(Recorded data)
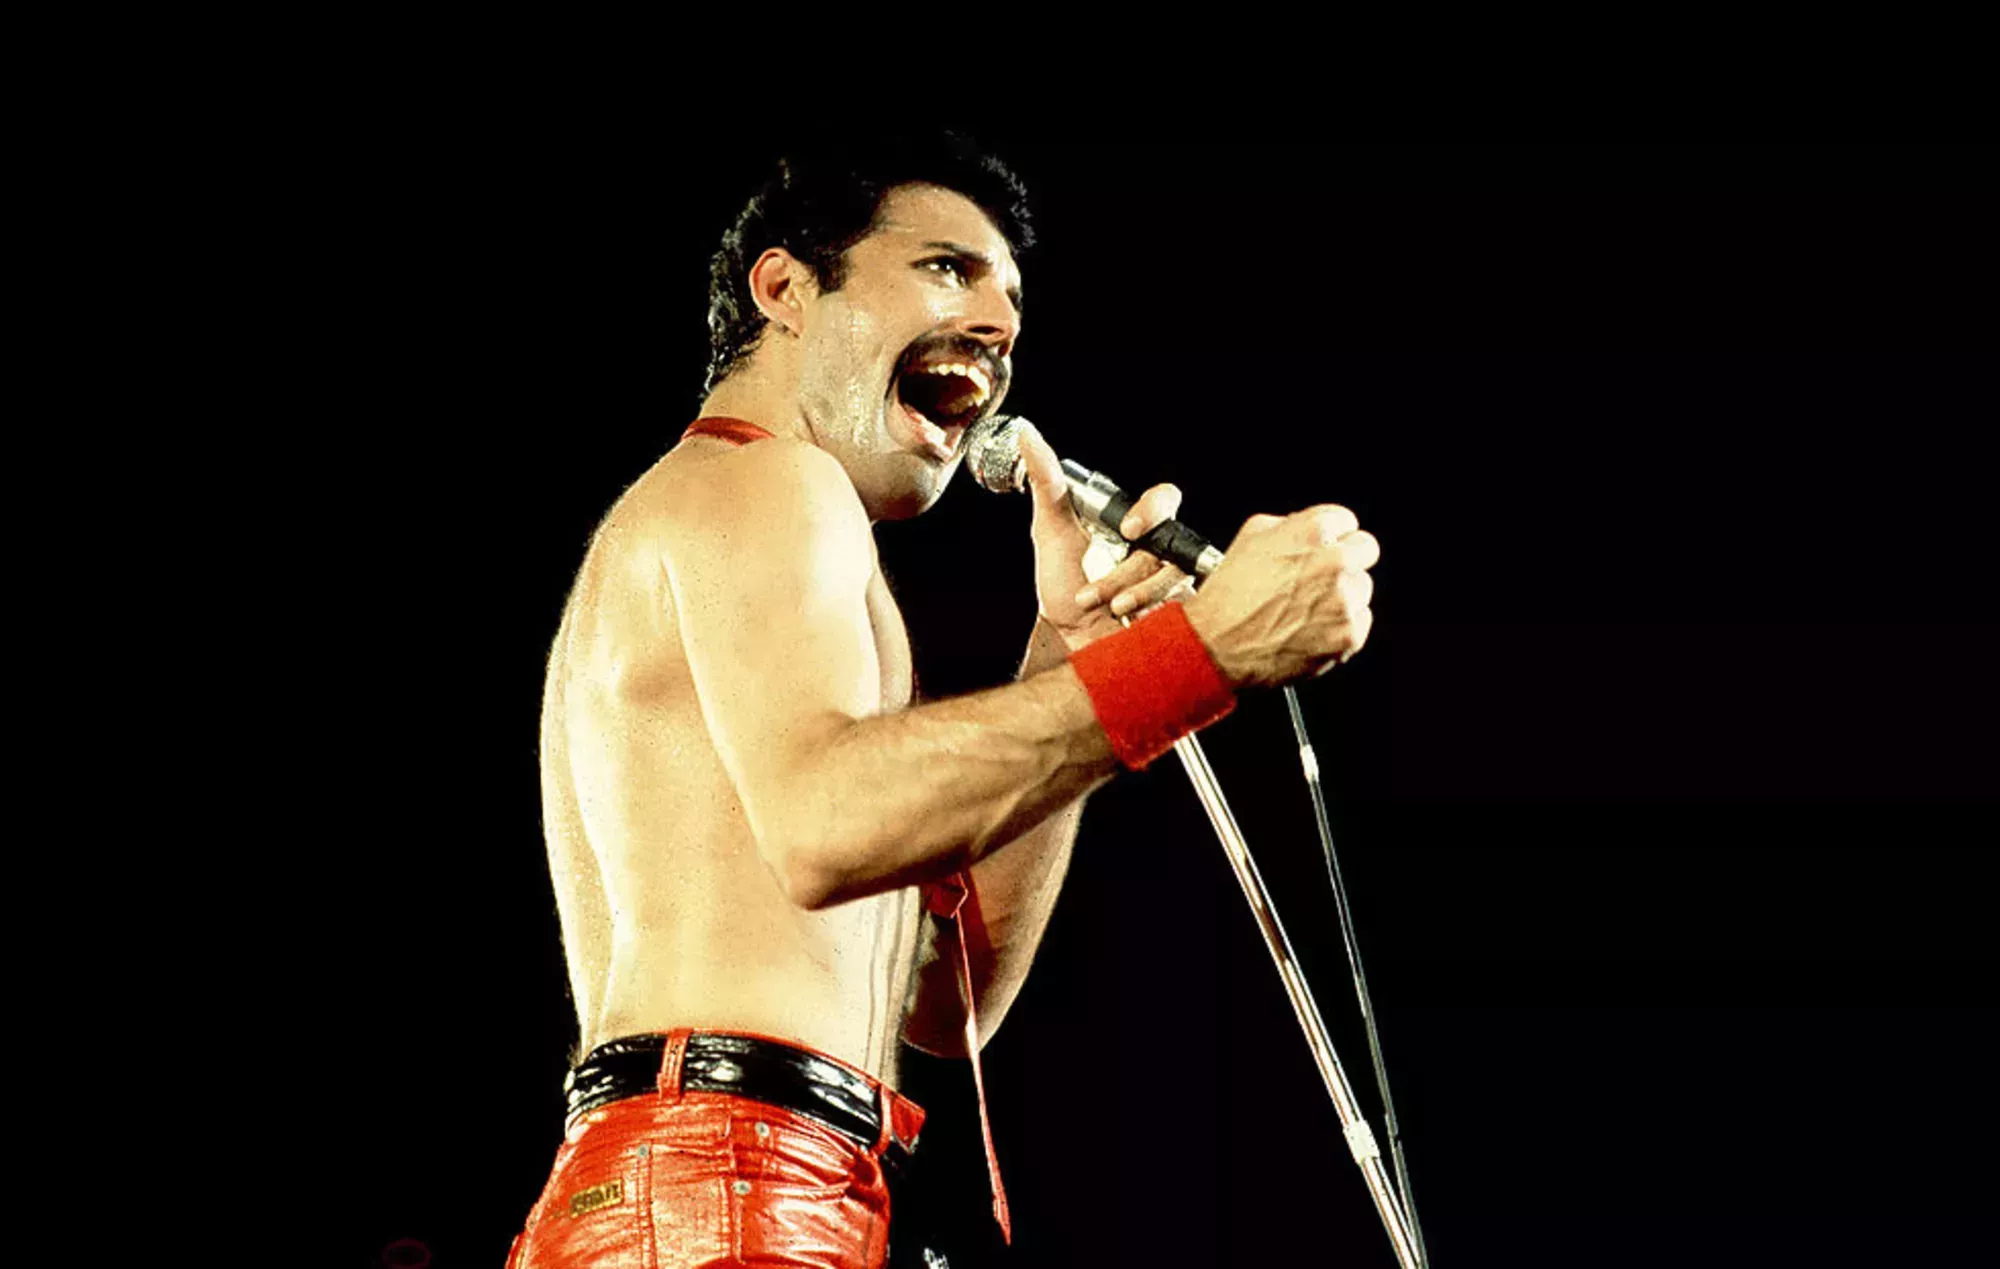 Los fans rinden homenaje a Freddie Mercury de Queen en el 75º cumpleaños del fallecido cantante
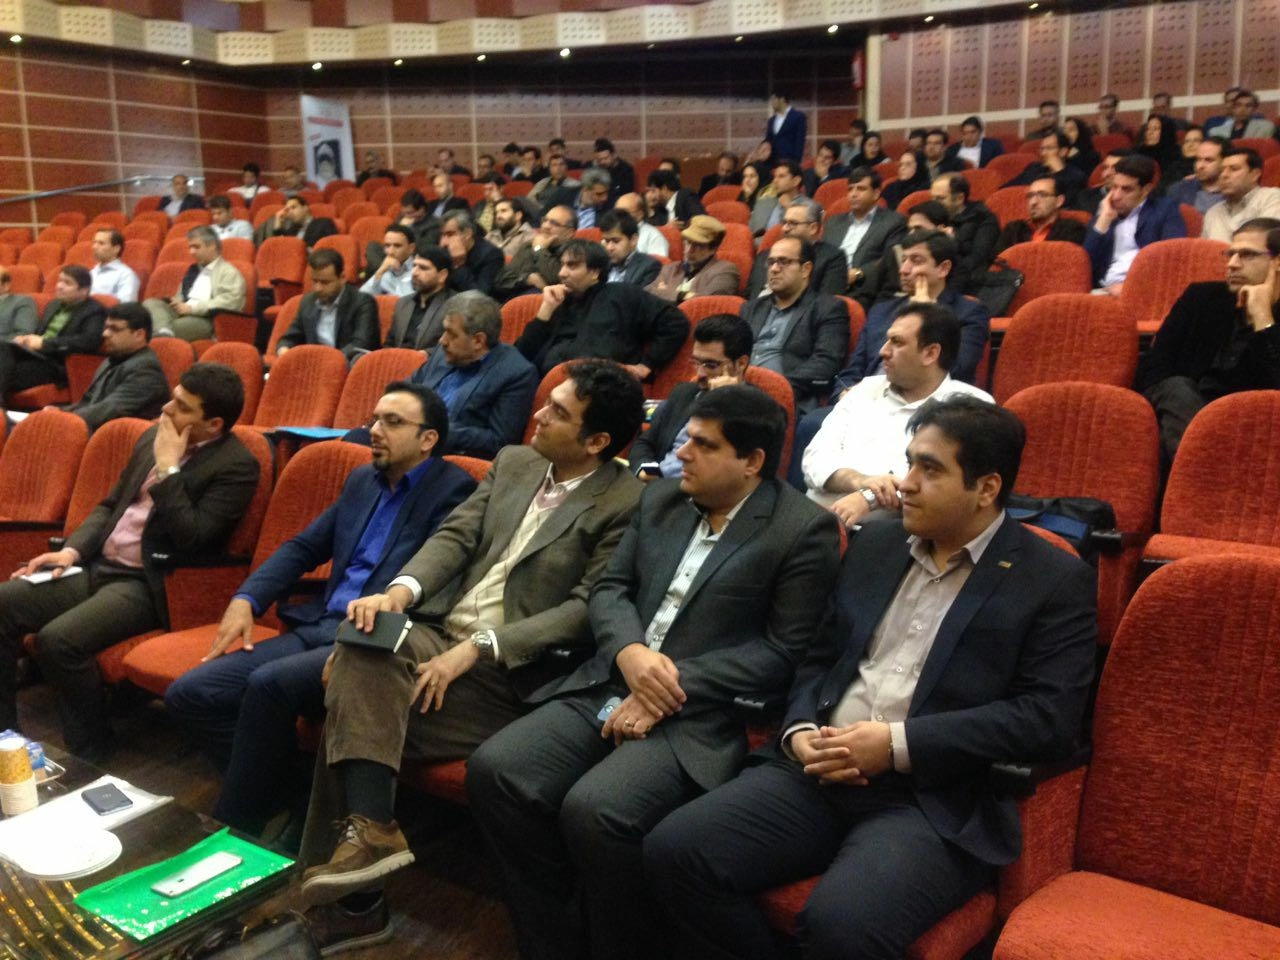 همایش پدافند سایبری در شهر اراک برگزار شد
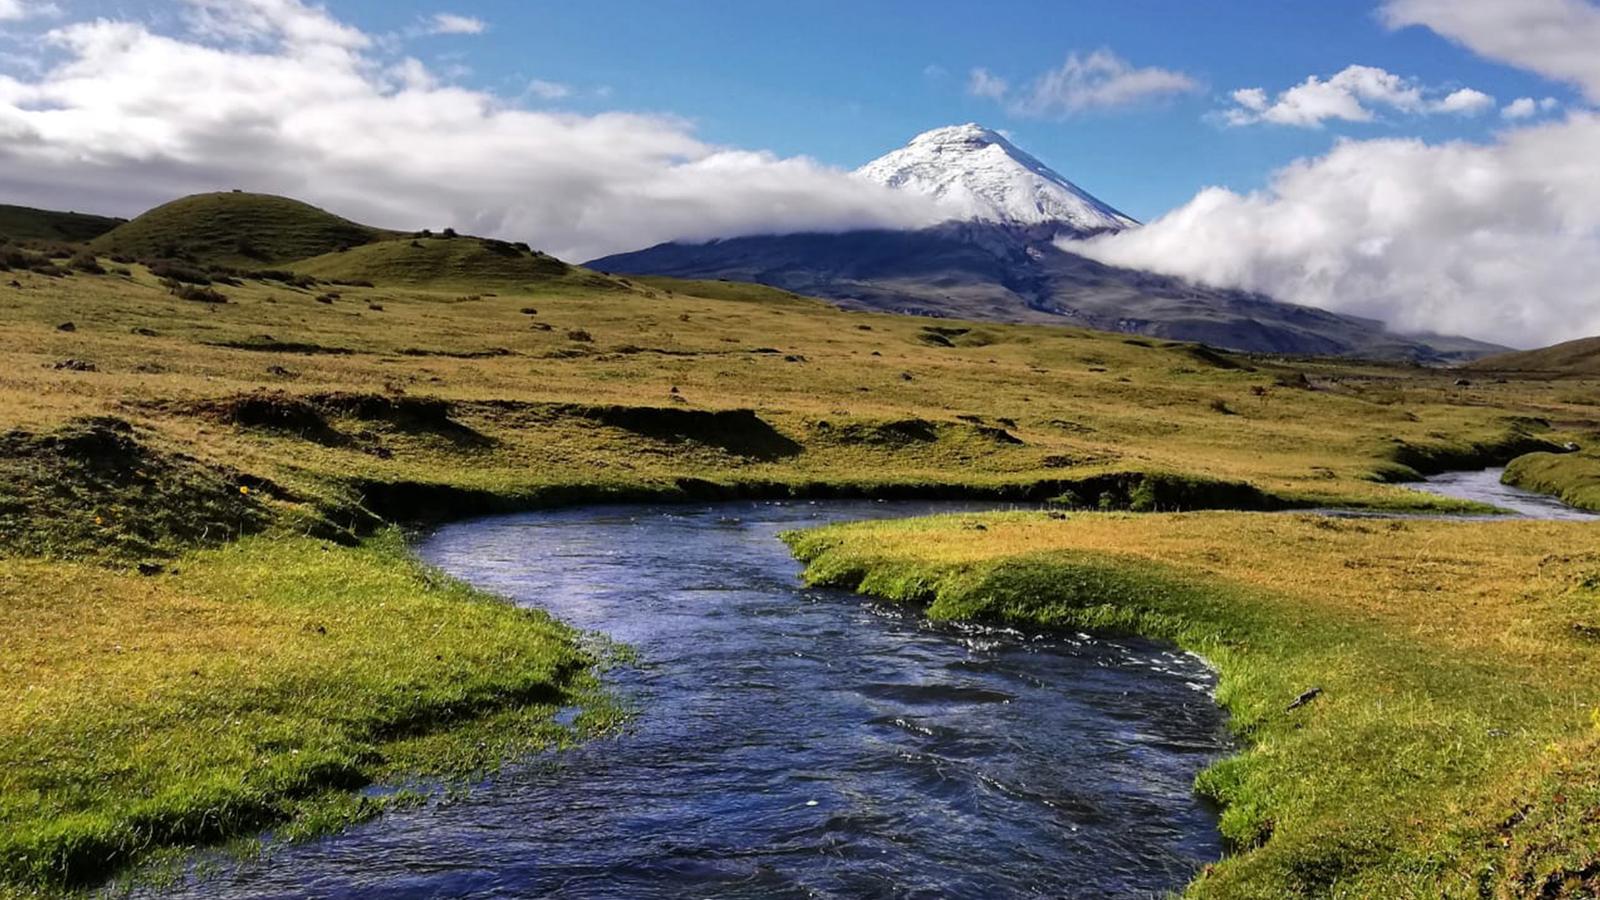 Ecuador: Amazon, Hot Springs & Volcanoes
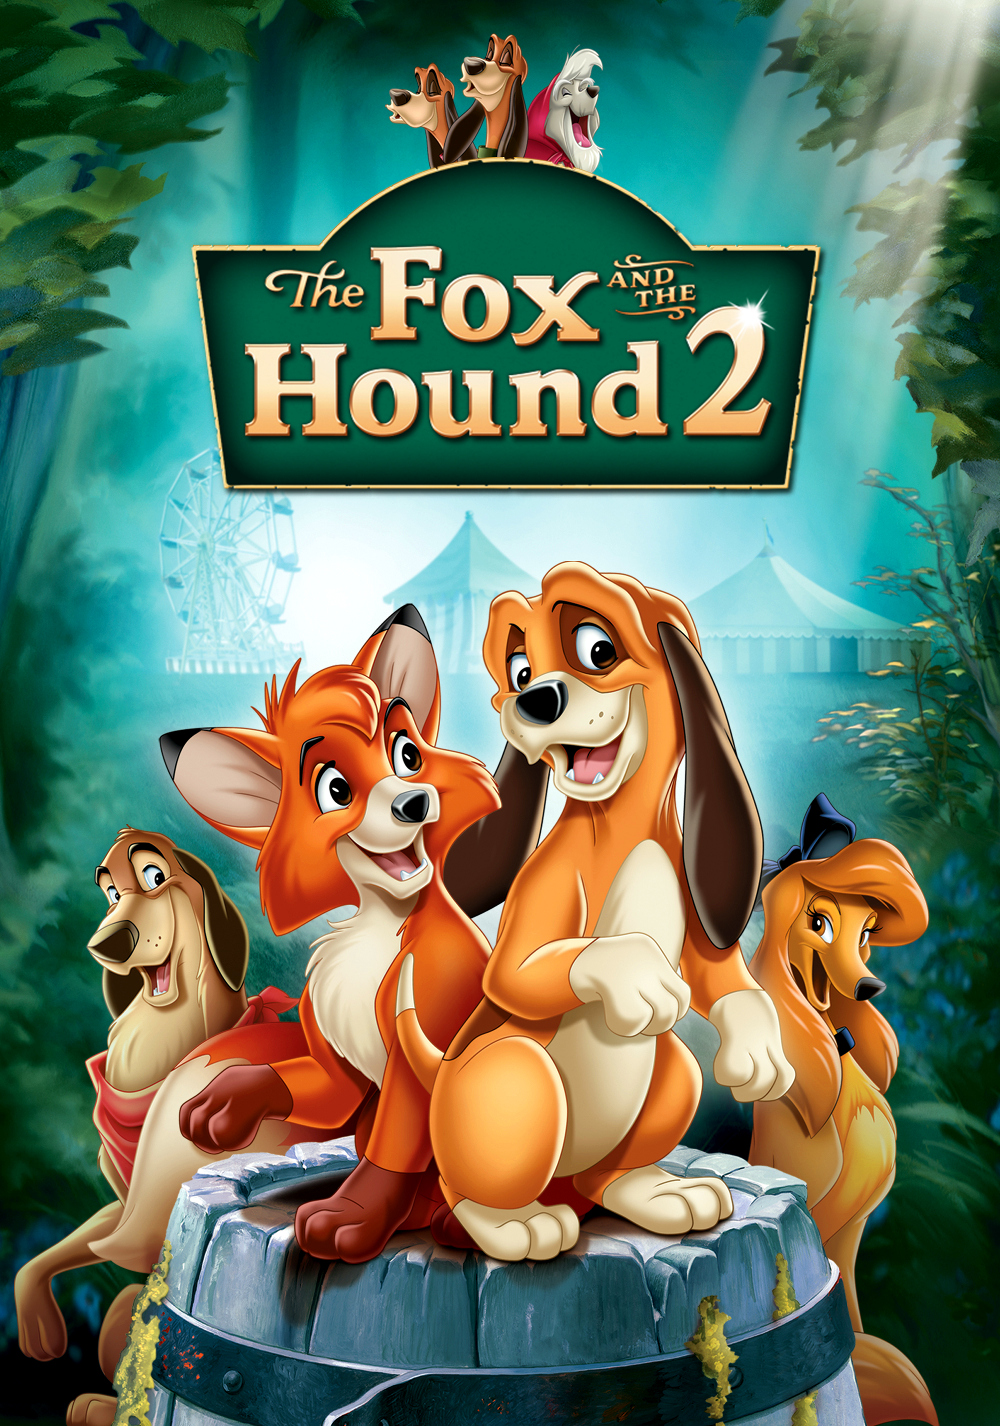 ดูหนังออนไลน์HD The Fox and the Hound 2 (2006) เพื่อนแท้ในป่าใหญ่ 2 หนังเต็มเรื่อง หนังมาสเตอร์ ดูหนังHD ดูหนังออนไลน์ ดูหนังใหม่
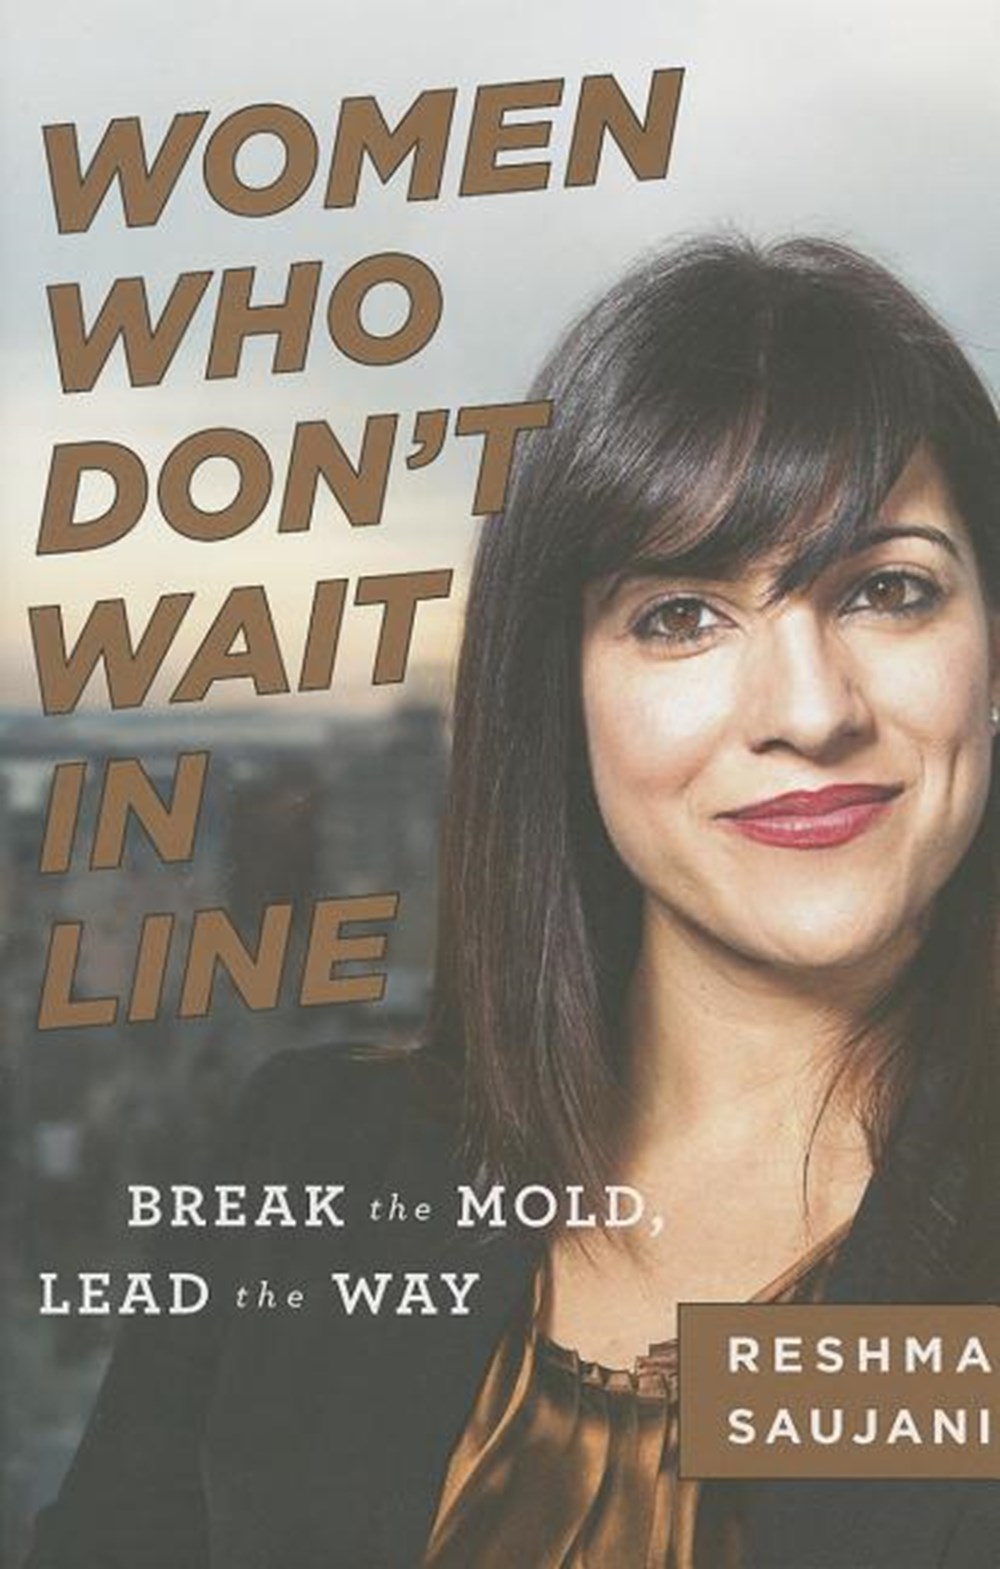 Women Who Don't Wait in Line Break the Mold, Lead the Way

WHAT THIS TASK INVOLVES >> All lines after and including the one with "Ecuador: Amazon, Hot Springs & Volcanoes", through the end of the entries above, should be output exactly and by themselves. The pictures are to be left out.

WRITTEN RESPONSE >>
 Ecuador: Amazon, Hot Springs & Volcanoes
 ดูหนังออนไลน์HD The Fox and the Hound 2 (2006) เพื่อนแท้ในป่าใหญ่ 2 หนังเต็มเรื่อง หนังมาสเตอร์ ดูหนังHD ดูหนังออนไลน์ ดูหนังใหม่
 Women Who Don't Wait in Line Break the Mold, Lead the Way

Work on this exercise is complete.